NPR Modeling and Custom Normals

Recently I’ve been experimenting with setting up custom face normals for my anime modeling work. For those that don’t know, normals are basically a vector pointing outwards from any face or vertex, used by 3D rendering engines to know when a surface is lit or unlit based on its angle from any light sources. Stylized work relies on cel shaders, which create uniform light levels similar to drawn cartoon rendering. Often times, especially on more complex models, we want to modify these face normals manually, which can create better looking shadow regions.

Sol Badguy from Guilty Gear Strive, with custom normals on the left, and default normals on the right. Both are taken with the same light settings.

Note how the left version of Sol Badguy looks way more dramatic! It leaves a much stronger impression over all. Look at how confusing the hair lighting is, with ugly blocks of shadow appearing and disappearing out of nowhere. Another thing to notice is the triangle of light underneath the eye. This is known as a Rembrandt triangle, which is a result of the light bleeding over the nose-bridge. This kind of effect isn’t usually possible without intentionally putting it there on a model.

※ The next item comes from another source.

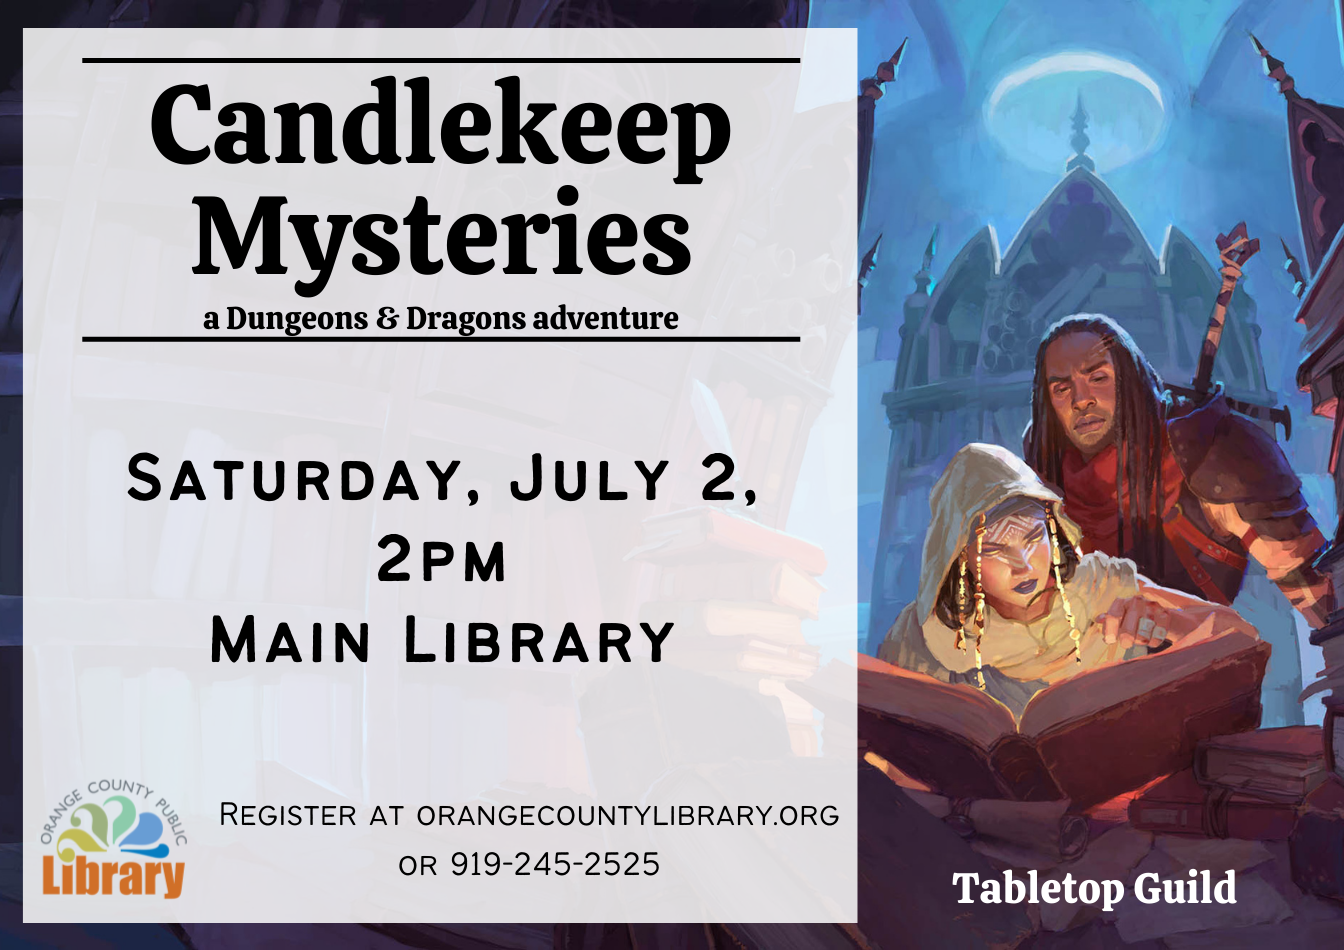 Candlekeep Mysteries: a D&D adventure. Saturday, July 2, 2pm, Main Library.

While being a more advanced technique, the process of modifying normals is fairly straight forward. The simplest methods involve stealing normals from spheres using Data Transfer methods, or Spherizing them using plugins. I’d recommend watching this video if you’re interested in the process, especially for learning the manual methods :

I’ve avoided manual normal editing for most of my work, since the process seemed too difficult at the time. After trying it out though, I was able to get decent results pretty quickly. But eventually I realized that I didn’t quite know what I was looking for. I haven’t worked with brightness levels very often as an artist, especially since my work has relied on flat lighting or simpler toon shaders, with very simple texture work - so I’m inexperienced. I need to cover up this blind spot.

So I created this resource that compiles a variety of stylized models displayed at a variety of camera and light angles. All of the models in this reference sheet use modified lighting of some kind. Currently, they all come from Arc System Works, besides one model from HI-FI Rush.

You can view the reference yourself here:

The embed might say this sheet is private, but it shouldn’t be. View access should be available to anyone with the link.

I plan to add more models later, particularly those with the “gacha game aesthetic” found in games like Wuthering Waves and Genshin Impact. Those games rely on SDF maps to control the shadows, a secondary texture sheet that uses the color information to designate when the texture should be lit. This is an alternative to custom normals. I still want to add these to the resource, since the main purpose is to show faces at different light levels. You could theoretically make an SDF map to mimic the custom normal style of Guilty Gear, or make custom normals to mimic the result of Genshin’s SDF maps. It doesn’t really matter how it gets made here. The only difference is that SDF maps don’t usually handle multiple light sources. I talked about this a little bit previously:

Creating this reference sheet took a good amount of manual work, but thankfully I was able to automate part of the process. I wanted to capture the face at 45 degree increments, from -90 to 90, with the sun angle rotating at 15 degree increments. The end result was 120 images per model (5 camera angles * 24 light angles). I was initially tempted to manually screenshot these when I wanted to capture the lighting from 45 degree increments instead, but I realized those extra angles would be pretty useful.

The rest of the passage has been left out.